With the hardware assembled and the firmware flashed you're now ready to power up the Meshtastic LoRa Node and pair it with your phone. This step marks the exciting moment when your custom-built device begins its communication journey.

Download the Meshtastic app on your phone. The app is available for download on both the App Store (iOS) and Google Play (Android).
Head over to the Bluetooth page and wait a little bit, you should see a device popping up there.
Choose the Meshtastic device you want to pair with from the list. The device's Node ID and other relevant information should be visible in the app.
When prompted to enter a pairing PIN, type "123456" on your phone and wait a moment for the connection to establish. Next, you'll be asked to select your region—choose "EU433." The node will restart, and you’ll be all set to go.

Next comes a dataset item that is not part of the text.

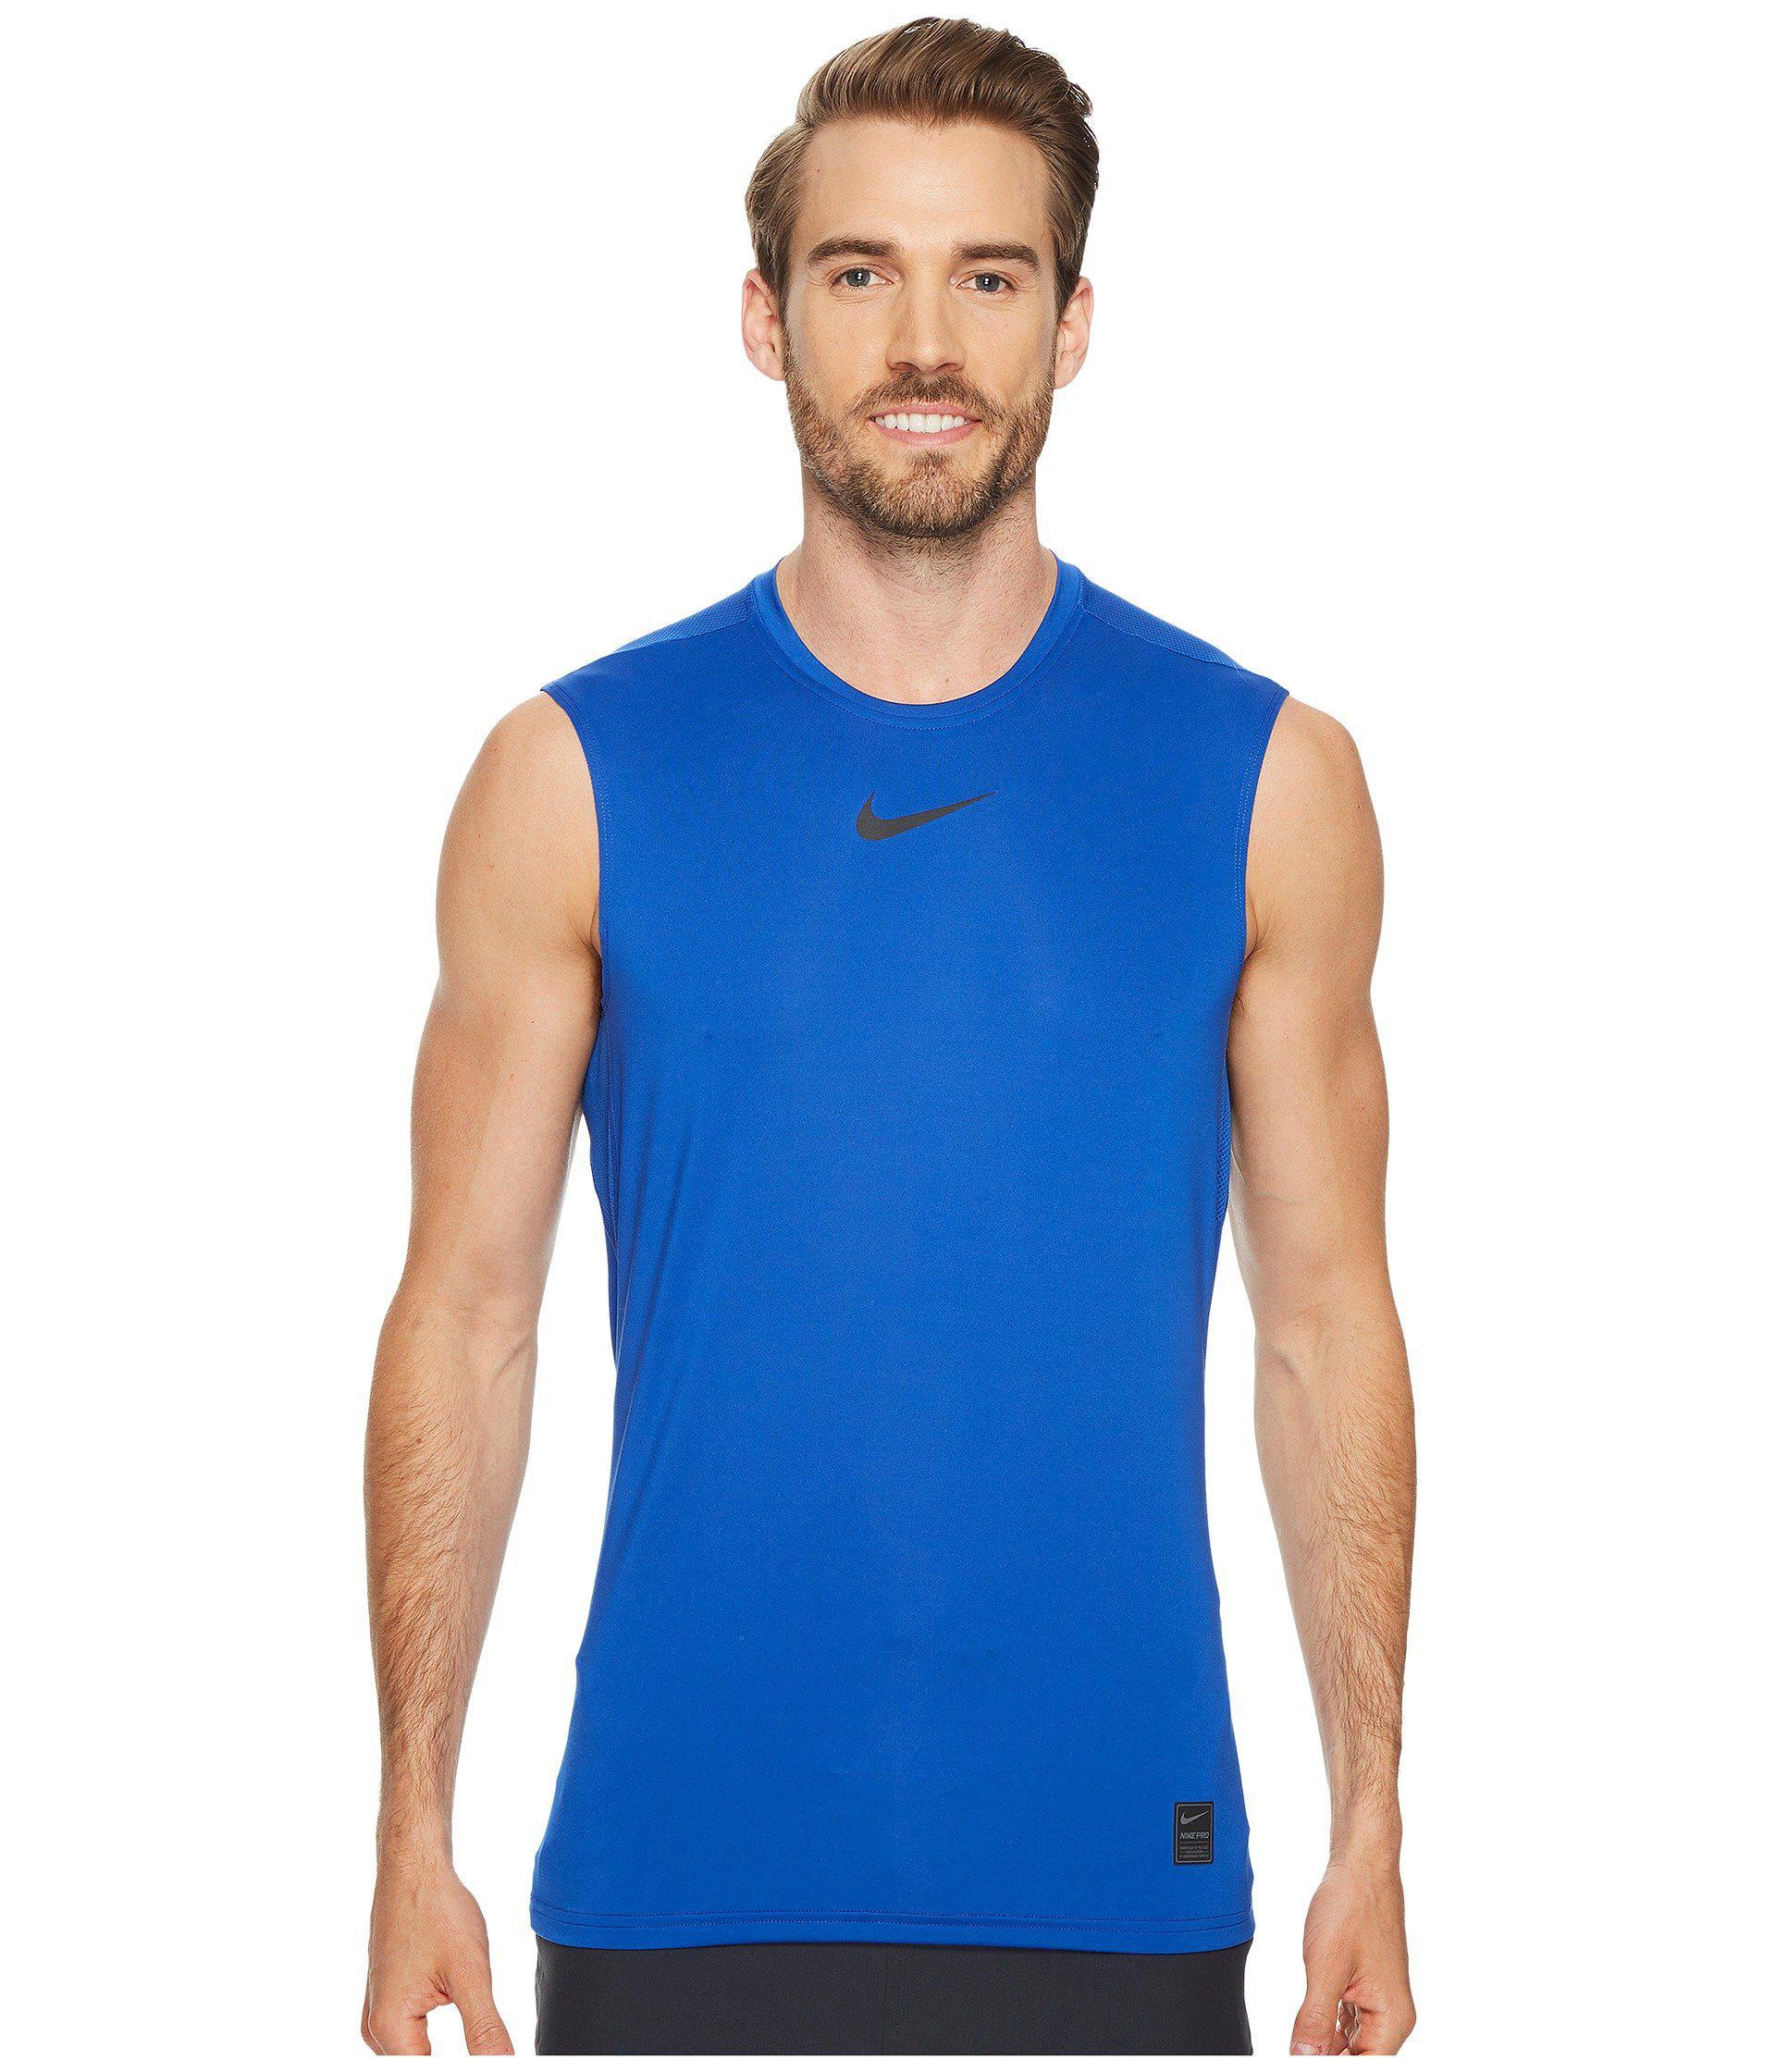 f4636b53e1eb9 Nike - Pro Fitted Sleeveless Training Top (black white white) Men s  Sleeveless. View fullscreen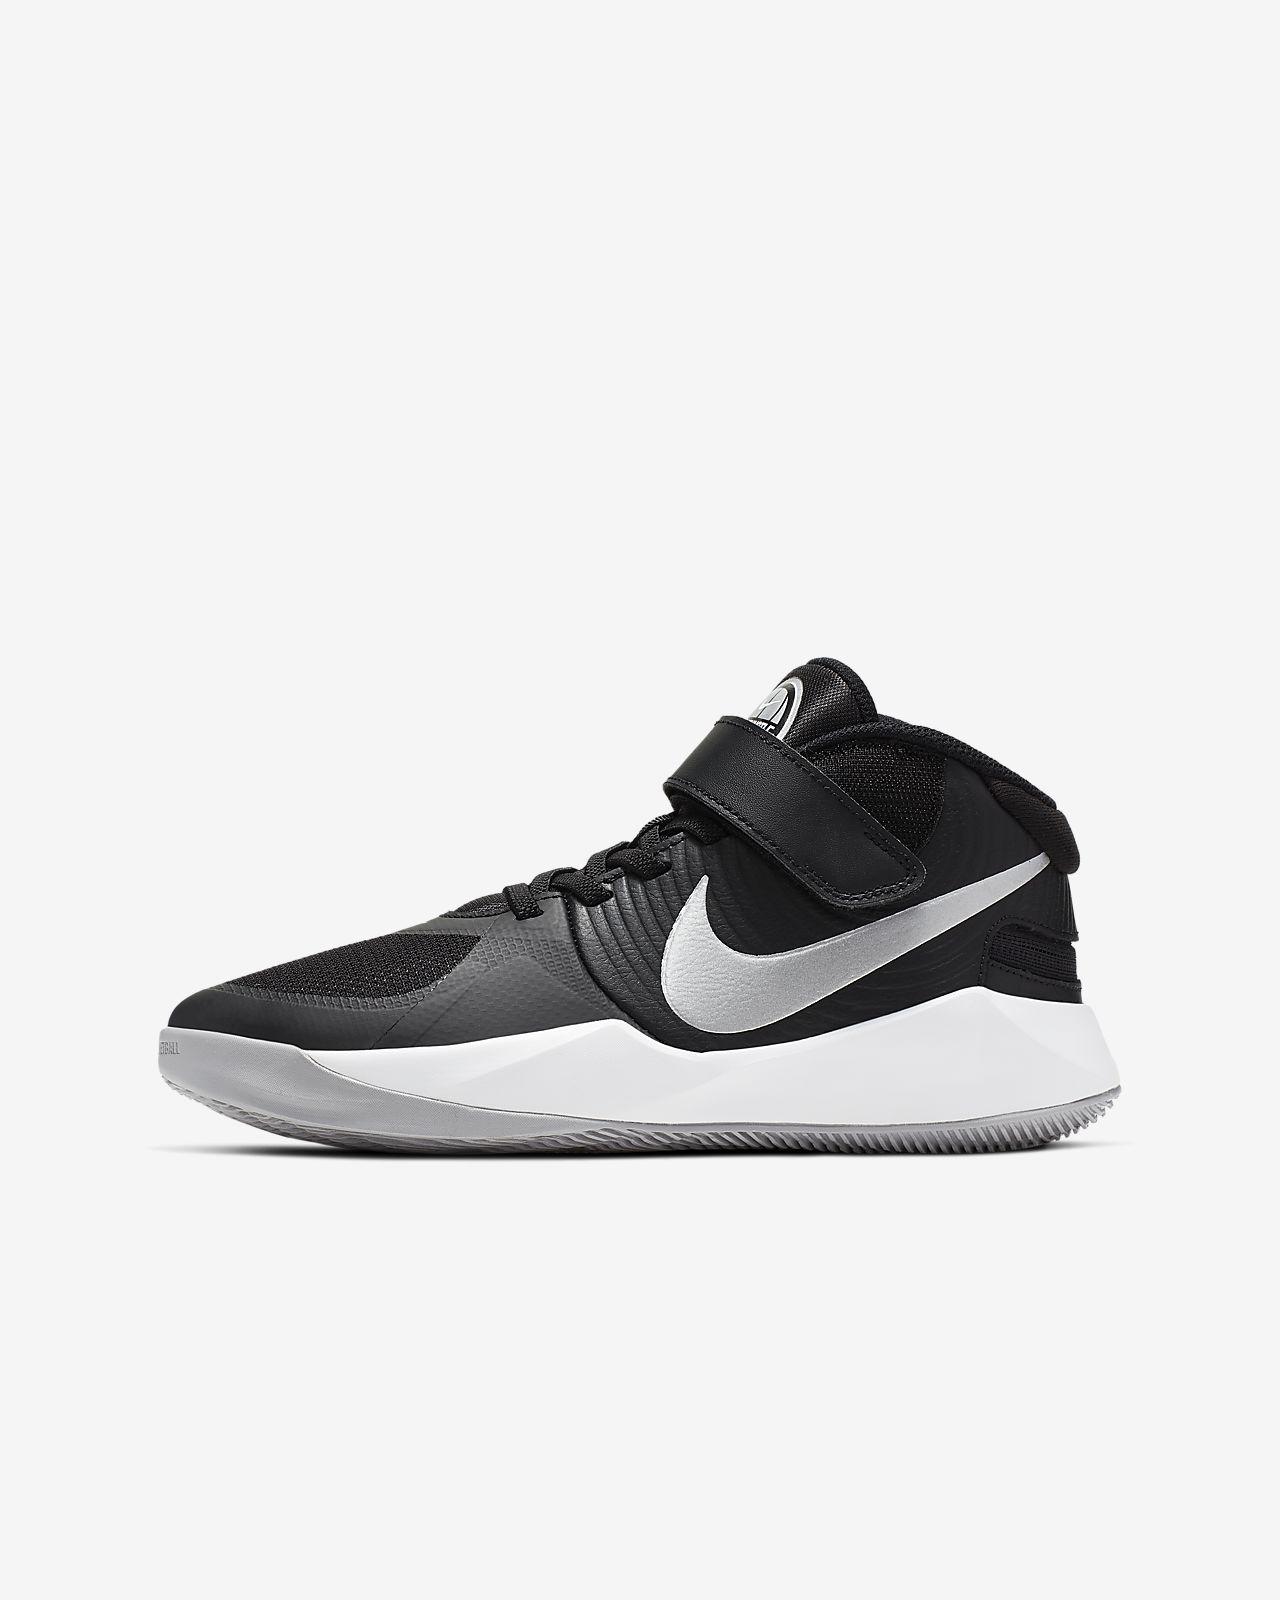 Nike Team Hustle D 9 FlyEase Basketbalschoen voor kids

Your new Meshtastic LoRa Node is now ready to serve in a variety of applications, whether it's for remote communication, outdoor adventures, or as part of a larger network of devices. With this build, you've tapped into the power of open-source projects and the DIY spirit, joining a community of enthusiasts dedicated to innovative and decentralized communication solutions.

As you explore the capabilities of your Meshtastic LoRa Node, remember that there's always more to learn and improve. Consider experimenting with different antennas, battery sizes, and configurations to further optimize performance. And as always, share your experiences and insights with the community to help others on their own DIY journeys.

Enjoy the freedom and flexibility that comes with your new custom-built Meshtastic LoRa Node. Happy building and stay connected!